In all my years of dealing with women, nothing has made me disgusted in their behavior than this topic. I can walk into a club, bar, etc. and tell right away what girl's are open to meeting a man, and which ones already have a man. It will usually be the ones playing with their phones, attention *****s, overly friendly, etc. They know that they have nothing to lose, they have someone on the side ready to go. It is this hypocrisy that has made me lose a lot of respect for women in America.

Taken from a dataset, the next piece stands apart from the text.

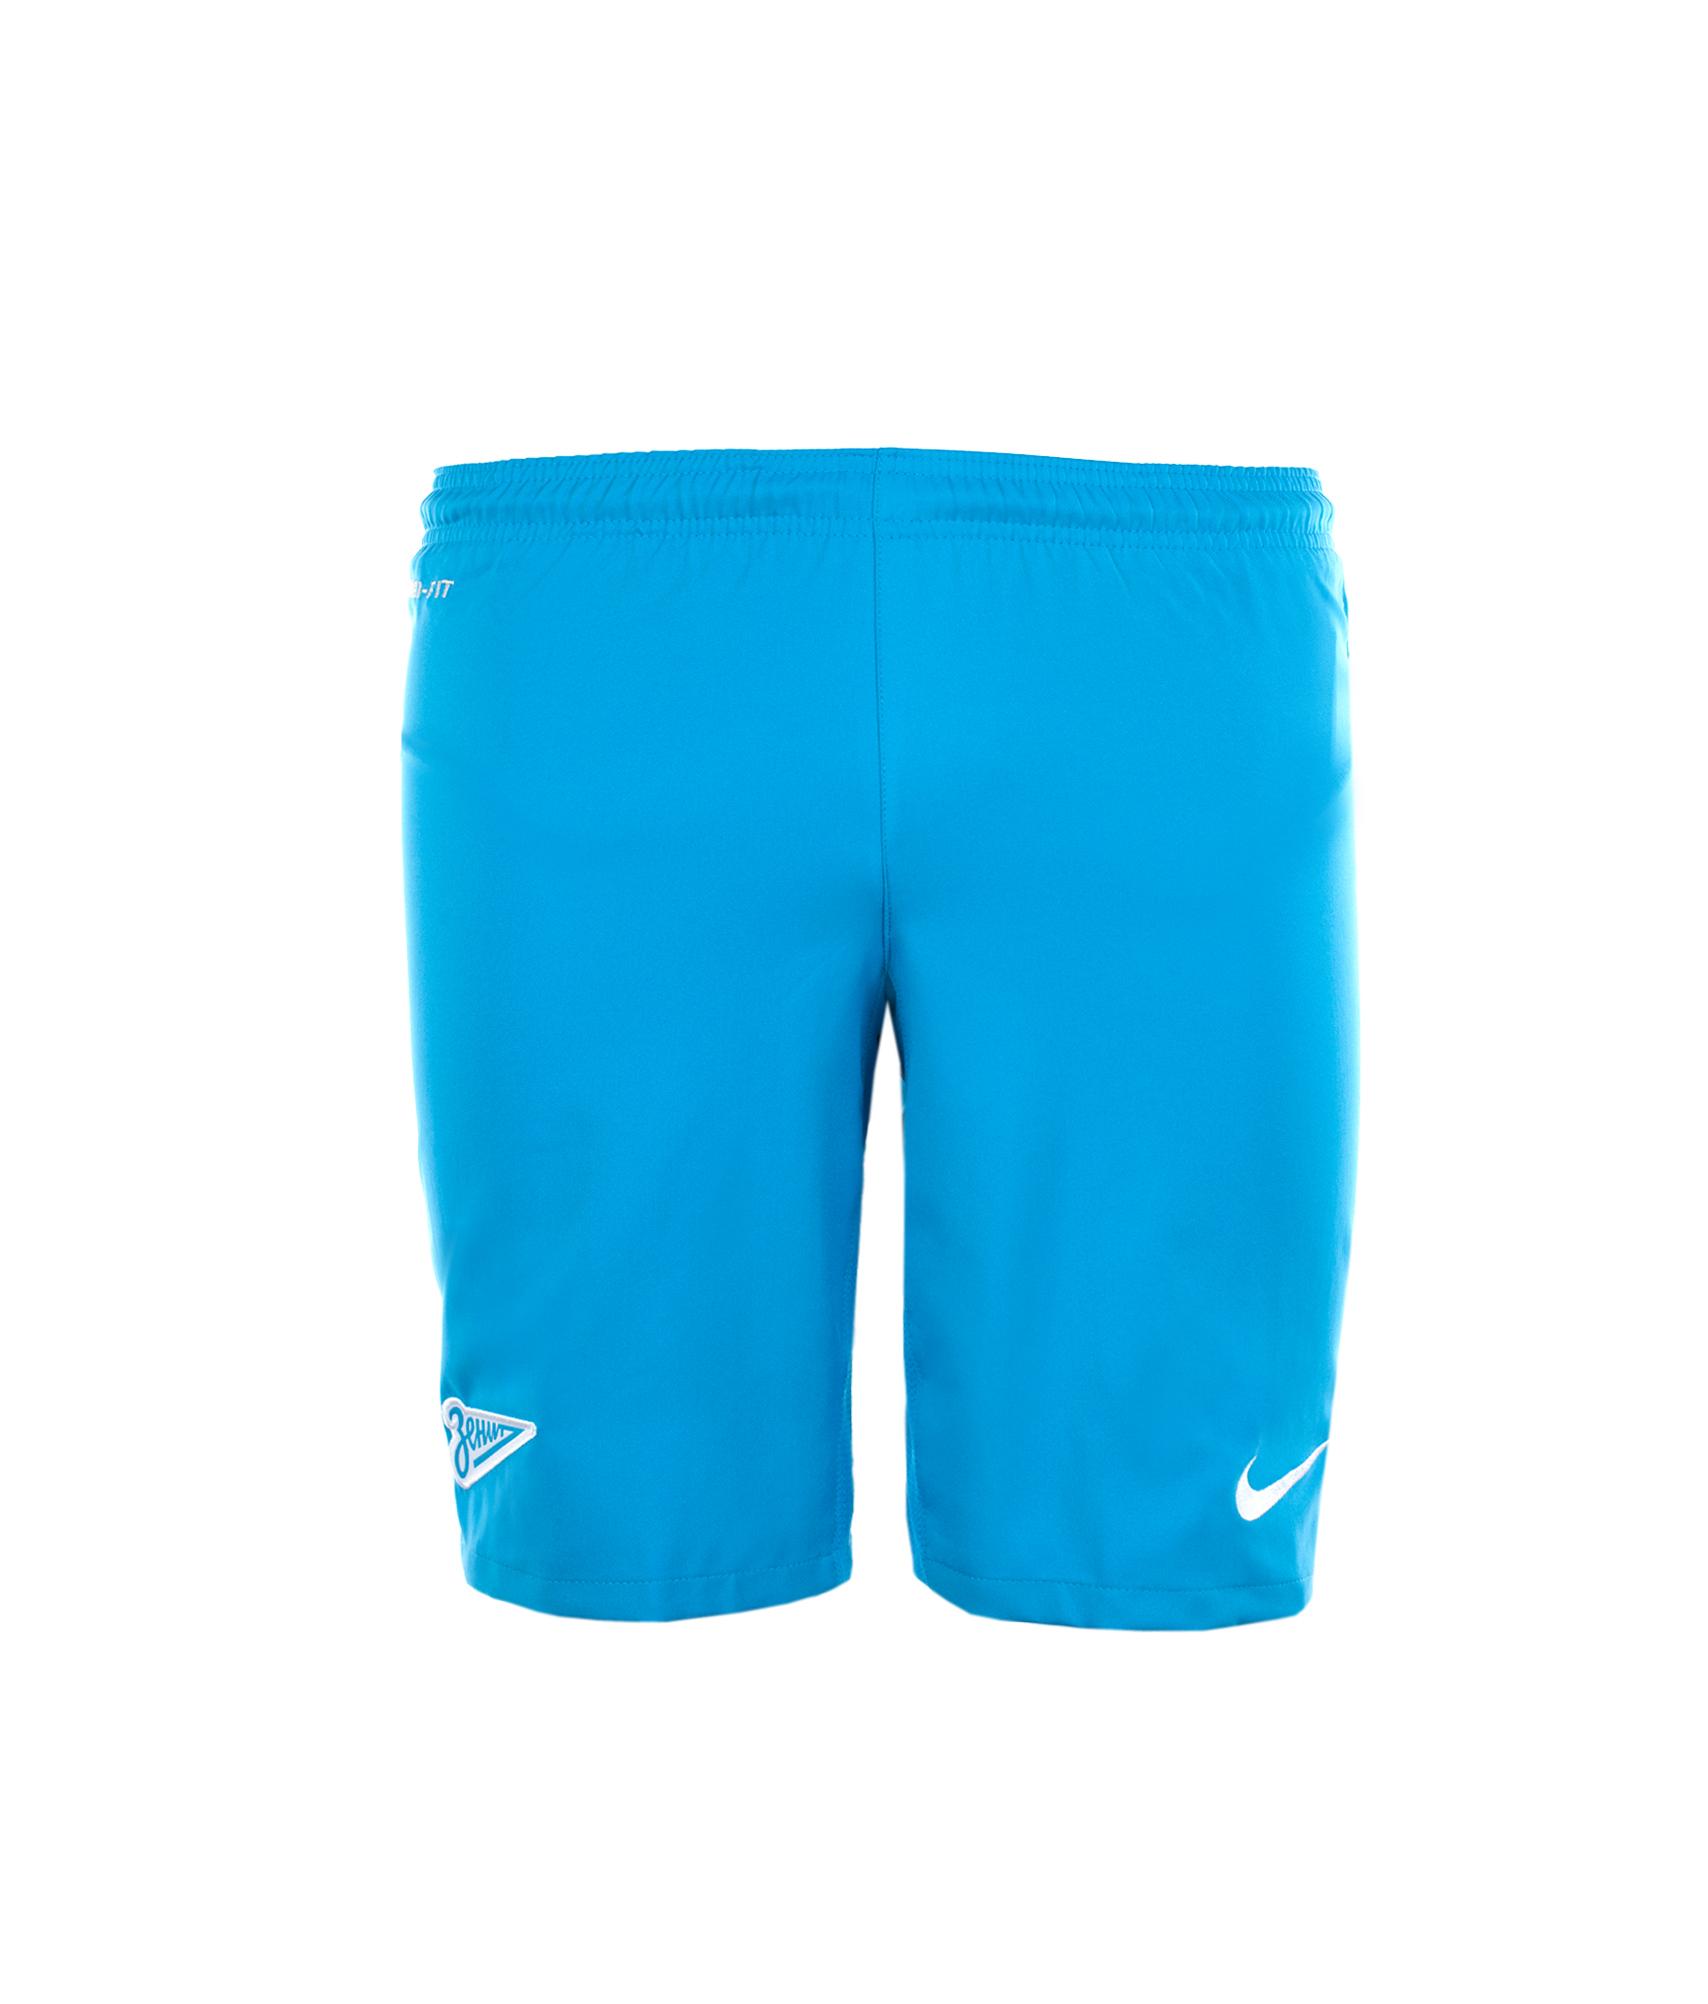 Шорты синие, Цвет-Синий, Размер-S

If a woman is genuine about the fact that she wants to meet someone and date someone who "treats" her well, she MUST be truly single. Otherwise, she will unknowingly close her heart to anyone else. Women are not like men, if they are not over someone, they will not fall in love with someone else. It takes time for them to move on. She will, without even knowing, fend off all the right guys in her life. It is remarkable that the media or anyone else has not picked up on this. They always complain that us men are cheaters, have girls on the side, etc. NO ONE talks about how women close themselves off by having "secret" men on the side. That sometimes, even their own girlfriends don't know about.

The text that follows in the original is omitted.